Opening the Door to Extraneous Bad Acts in Opening Statement

Fort Worth Criminal Defense
Attorney’s Cautionary Post

Man in suit with hands tied in criminal trial

As a Fort Worth criminal defense attorney, I am constantly up against some of the best prosecutors in Texas. This means my colleagues and I must tread carefully in cases involving “extraneous offense evidence.” As a general rule, crimes or past bad acts of the accused cannot be offered by the prosecution besides the crime a person is on trial for. Over the years, this protection has been eroded by appellate courts and the Texas Legislature’s changes to procedural laws. Aside from the many exceptions that practically swallow the rule, a criminal defense attorney can create a situation that this, otherwise inadmissible, evidence can be used against a client at trial.
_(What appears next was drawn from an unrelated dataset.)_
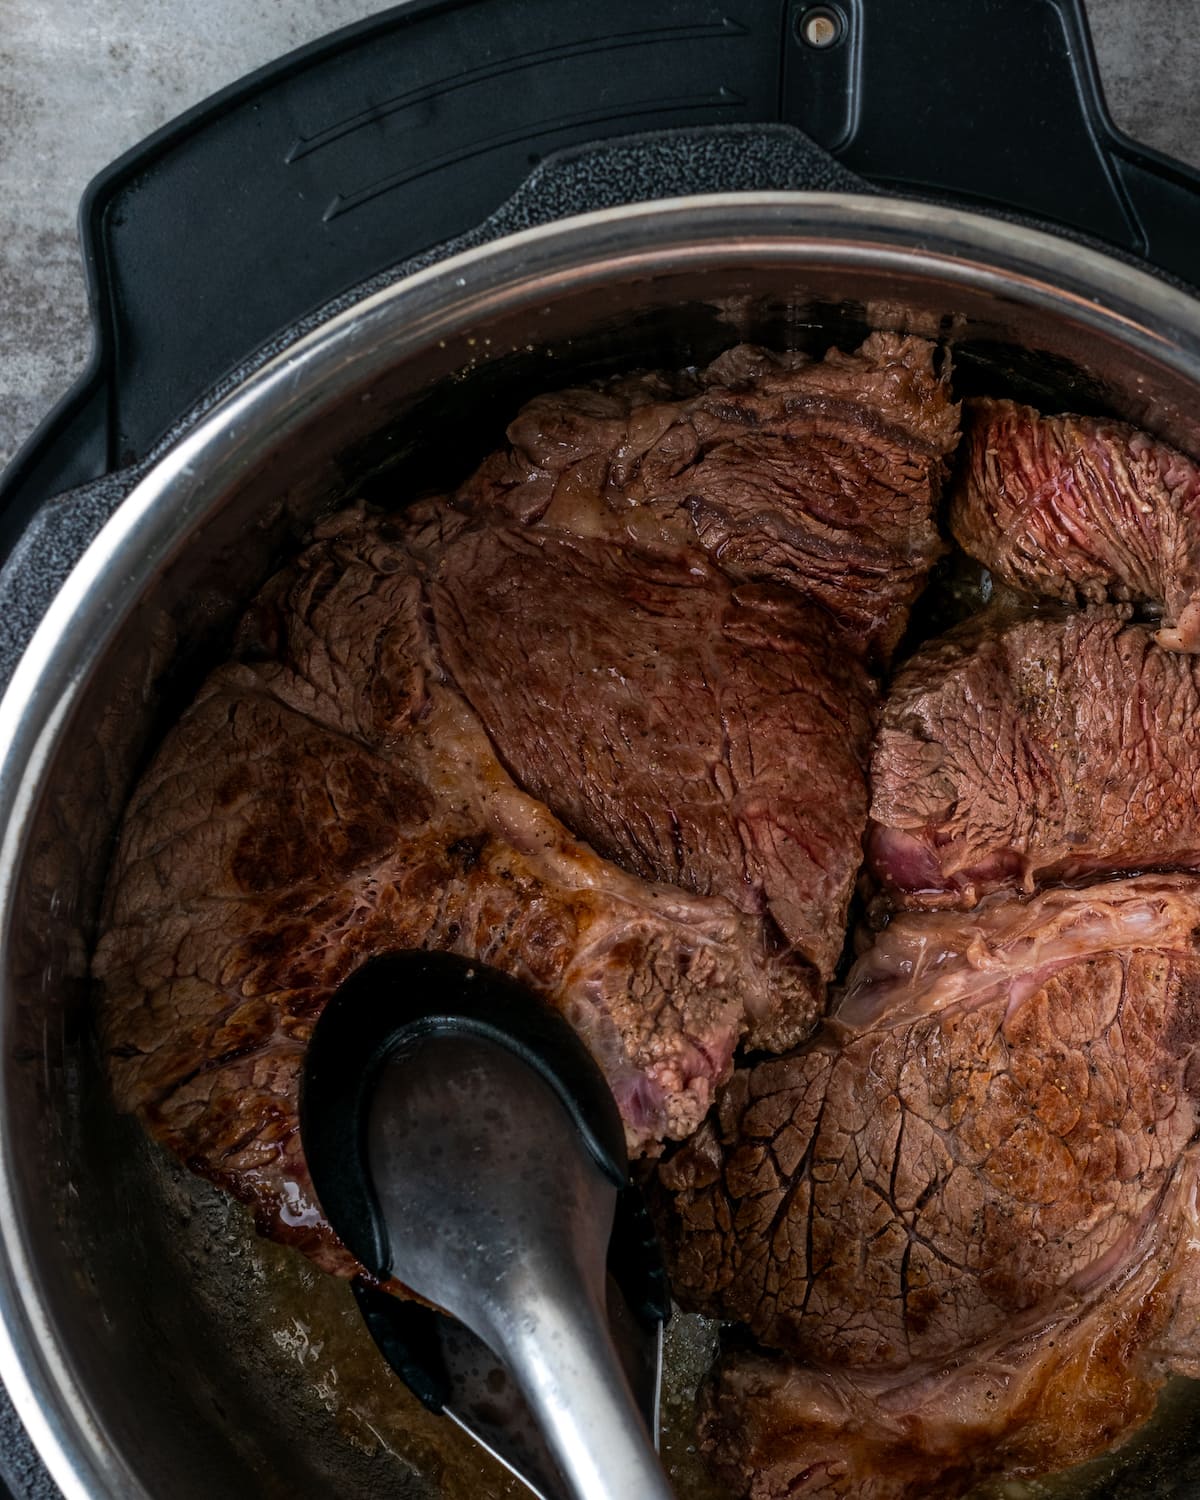 Tongs are used to move around seared chuck roast inside the Instant Pot.

Creating this situation is commonly called “opening the door.”

Reckless questioning or presentation of defense evidence may “open the door.” But defense lawyers need to be mindful of another minefield, Opening Statement. A good Opening Statement presents the defensive theory of the case. Frighteningly, this can clear the way for the prosecution to launch into evidence of extraneous offenses.

No Evidence Needed:
Paving the Way for Extraneous Offenses

For a while now, Texas courts have held a case theory presented in the defense’s Opening Statement entitles the State to rebut that theory with evidence. See Bass v. State, 270 S.W.3d 557, 563 (Tex. Crim. App. 2008). So, the trigger for this potentially damning “rebuttal” evidence is not even other evidence. Instead, a small utterance of many common defensive theories makes it open season on your client.

Examples of opening the door to extraneous offenses in Opening Statement:

  • On trial for Indecency with a Child, the defense attorney said in Opening Statement that the alleged victim’s claims were “pure fantasy” and “pure fabrication.” The lawyer went further to tell jurors the allegations were contrary to the accused’s character. See Bass v. State, 270 S.W.3d 557 (Tex. Crim. App. 2008).
  • Another trial for Indecency with a Child, defense attorney says the accused lacked opportunity to molest the complainant under the circumstances of the charged offense. This opened the door to admission of extraneous-offense evidence that defendant molested others under almost identical circumstances to rebut defendant’s lack of opportunity defensive theory. See Powell v. State, 63 S.W.3d 435, 438 (Tex. Crim. App. 2001).
  • If you open a criminal defense trial textbook to any page you are likely to find a defensive theory that opens the door to extraneous offenses in sexual abuse allegations. Just a few of the theories you need to examine carefully are:

    • Alibi
    • Lack of Opportunity
    • Fabrication of allegations for retaliation
    • Coaching of Child Witness
    • Fantasy causing false allegations
    • Misidentifying the abuser

    You are probably saying at this point, “What defense does NOT open the door to an extraneous offense in sexual abuse cases?” A defense that doesn’t tempt the prosecutor to pile on extraneous allegations probably only lives under four-leaf-clovers. Evaluating this question is too case specific and complex to answer in a blog post. In many cases, it may be a better strategy to assume the extraneous allegations are coming in, and build your strategy to handle it.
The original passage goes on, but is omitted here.